DATA BLOCK section start
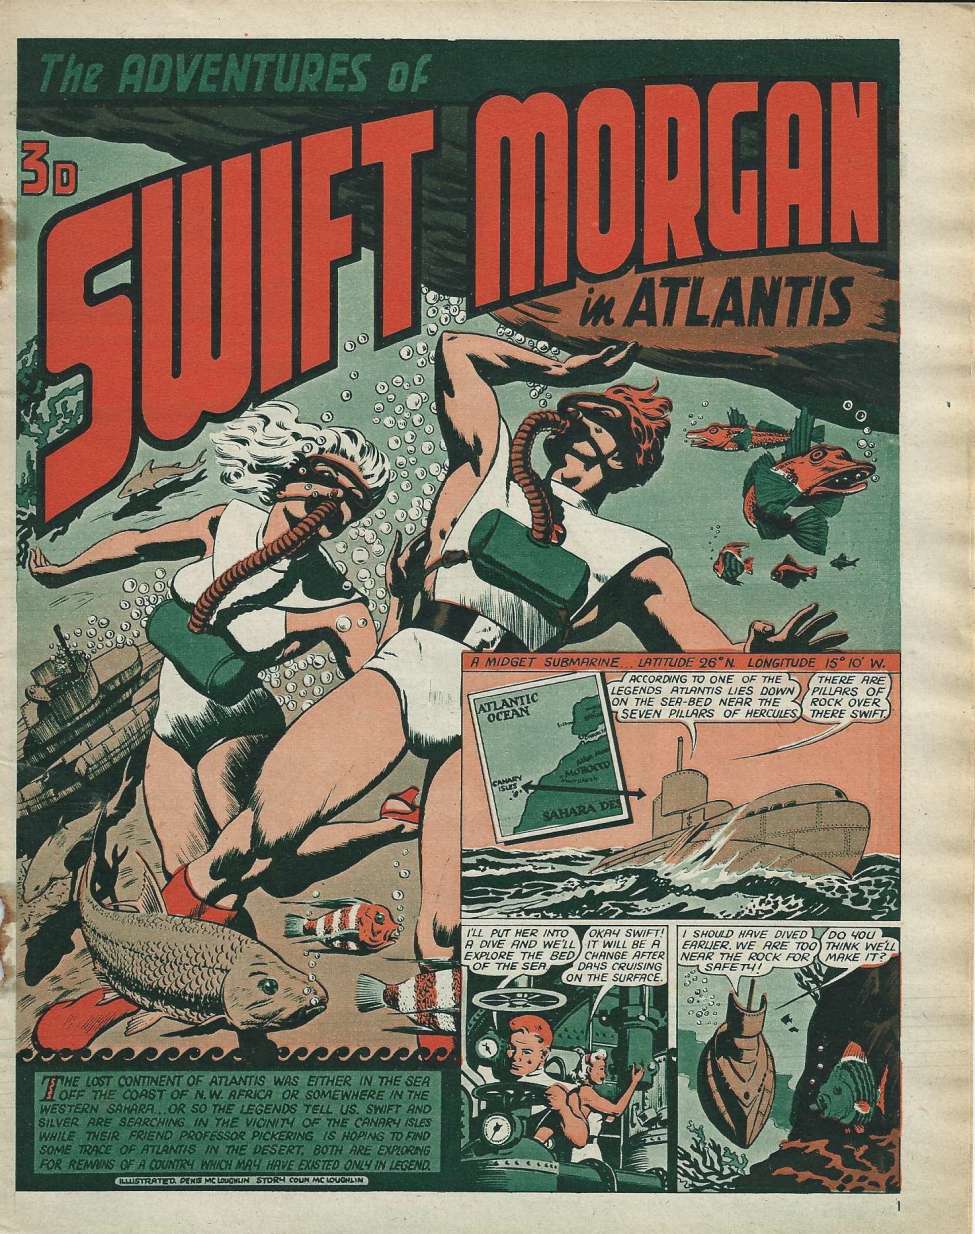 Book Cover For Swift Morgan 16 (in Atlantis)
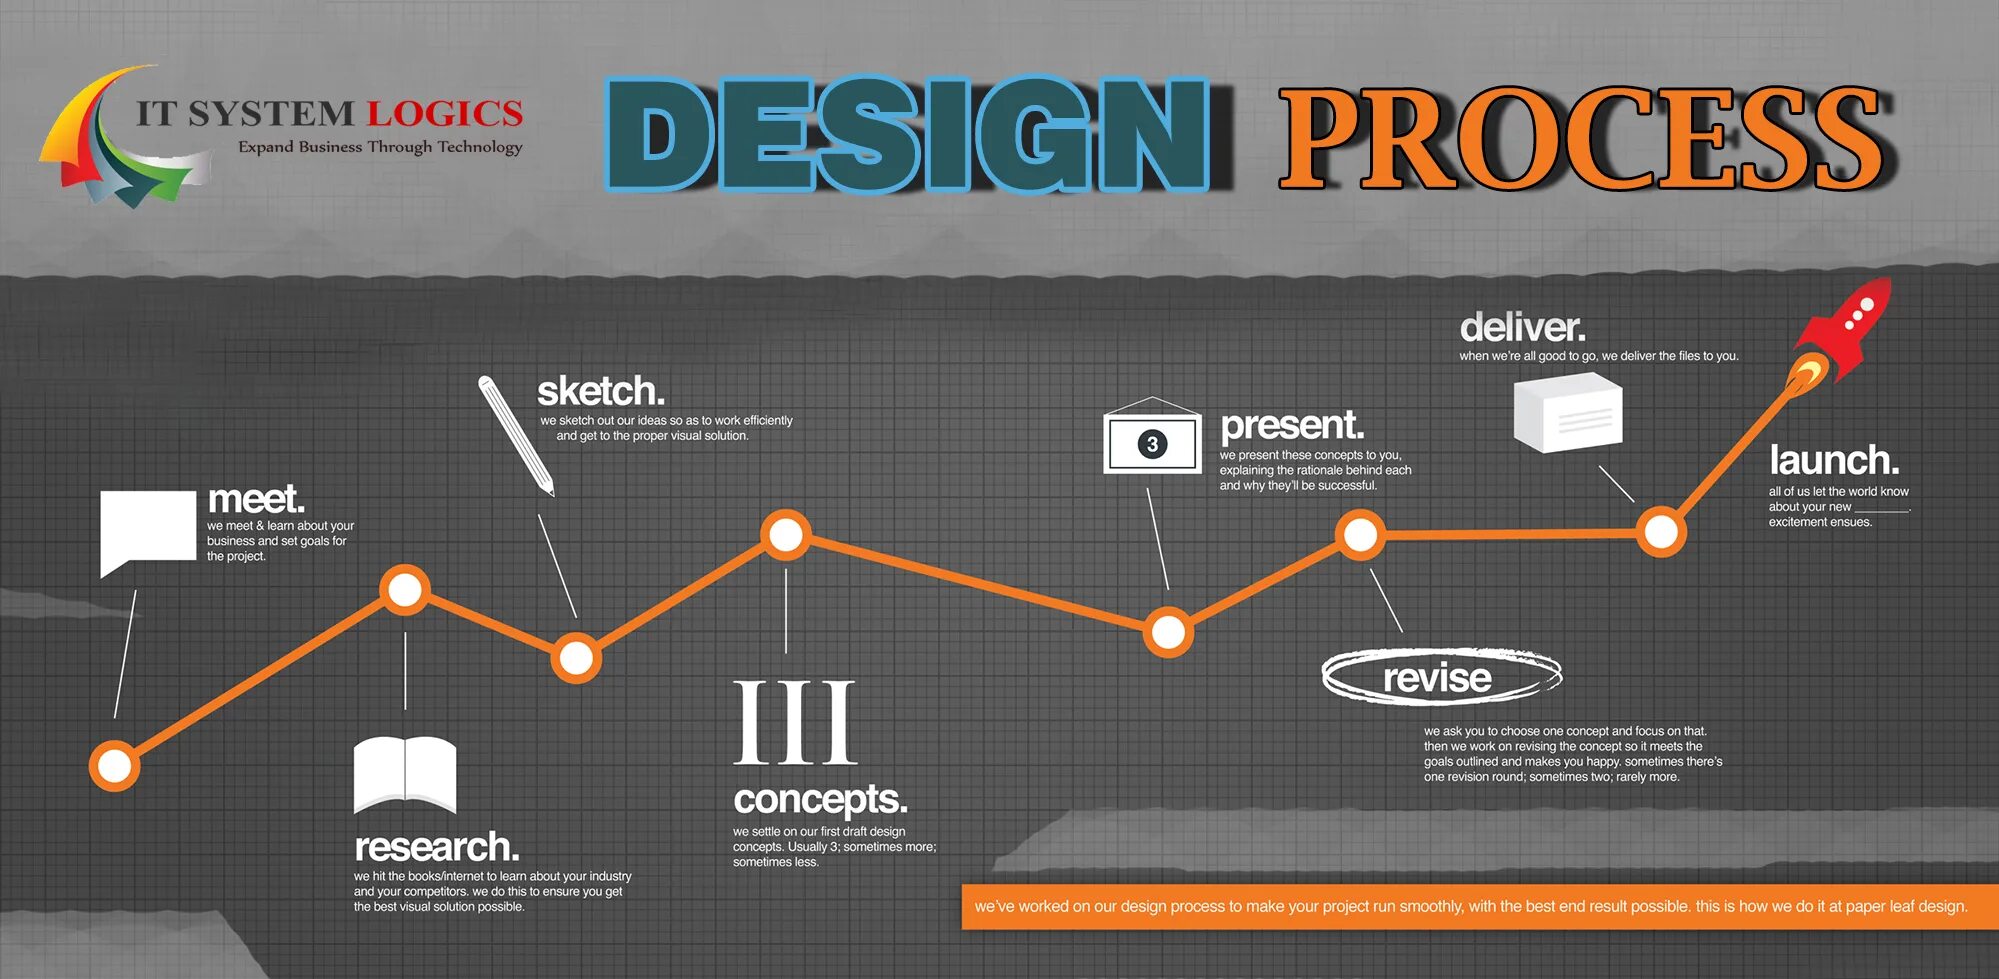 Дизайн process. Design process poster. Process Design package. Design in process.
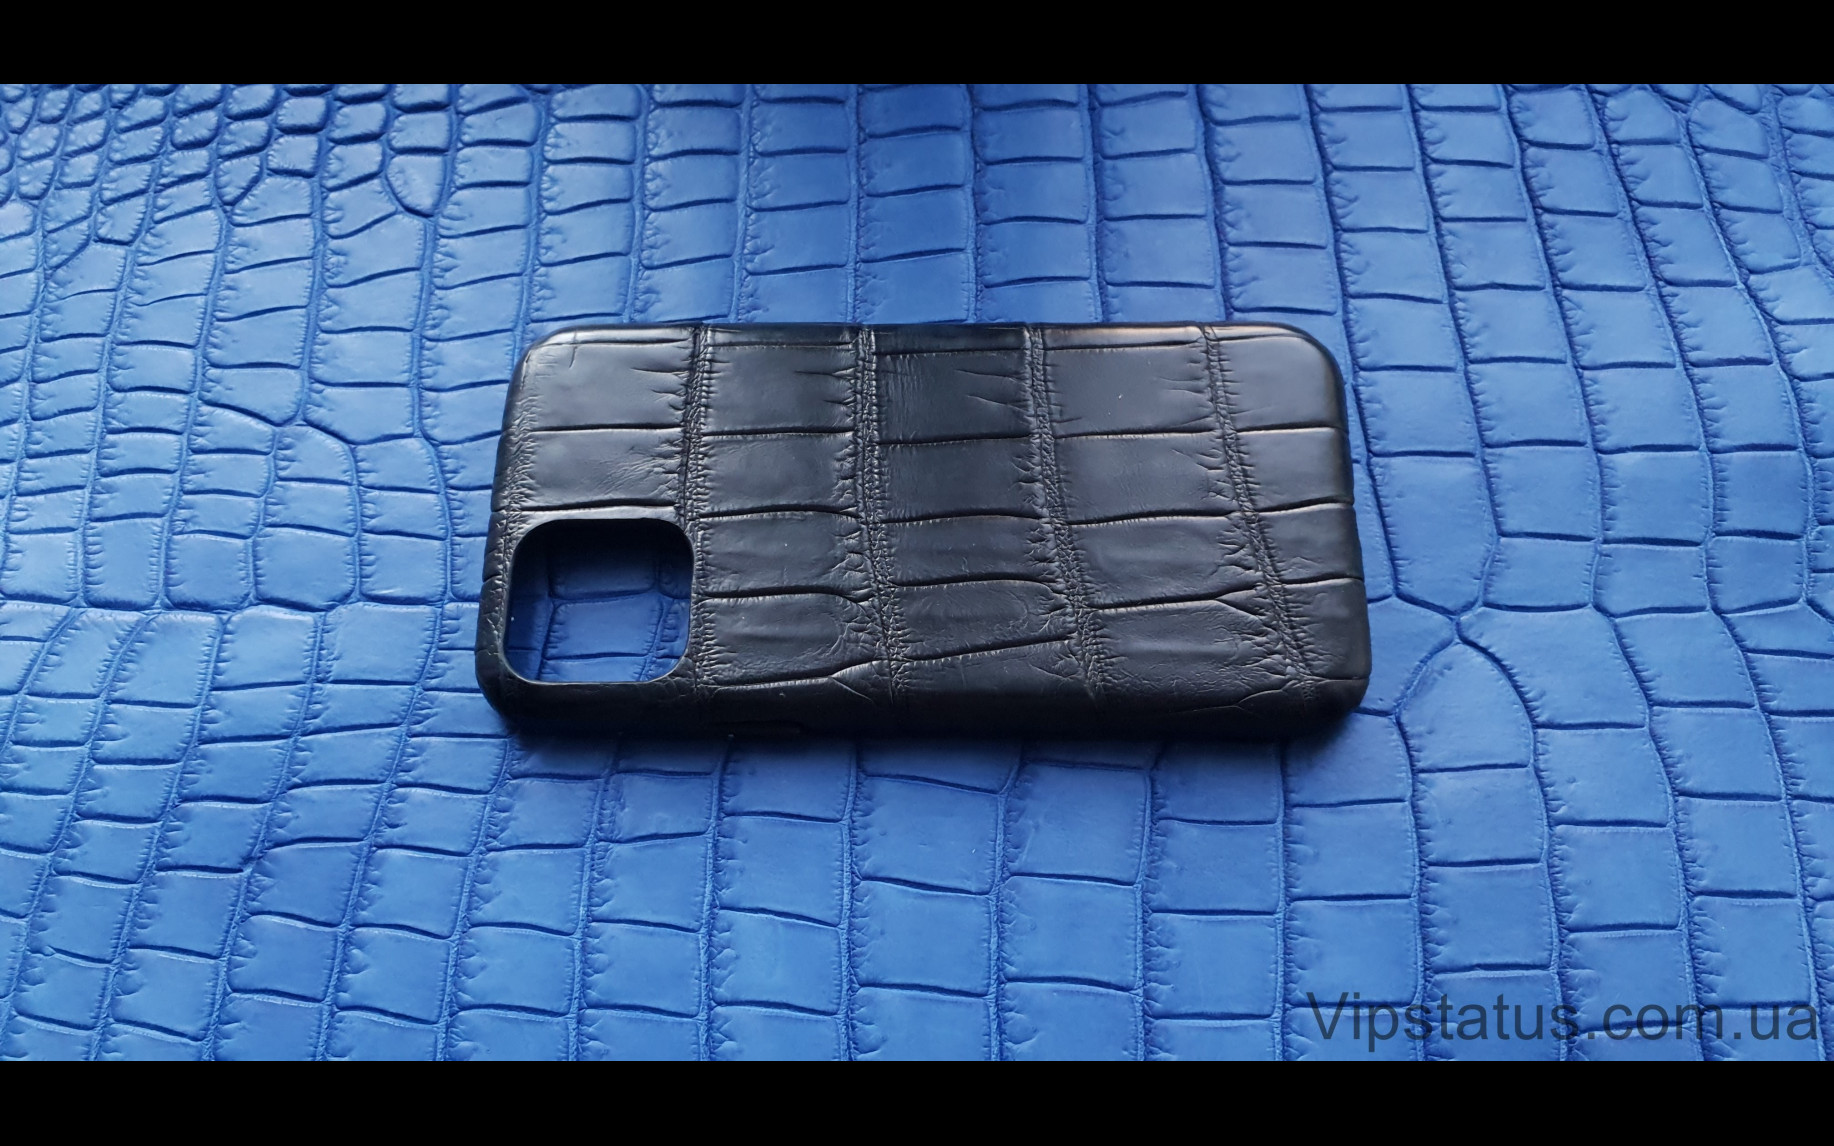 Elite Black Lord Эксклюзивный чехол IPhone 11 Pro кожа крокодила Black Lord Exclusive case IPhone 11 Pro Crocodile leather image 3
DATA BLOCK section end
• [REQUIREMENT]: Without the pictures, retype the whole of the material above exactly.

• [EXPECTED ANSWER]:
 Book Cover For Swift Morgan 16 (in Atlantis)
 Дизайн process. Design process poster. Process Design package. Design in process.
 Elite Black Lord Эксклюзивный чехол IPhone 11 Pro кожа крокодила Black Lord Exclusive case IPhone 11 Pro Crocodile leather image 3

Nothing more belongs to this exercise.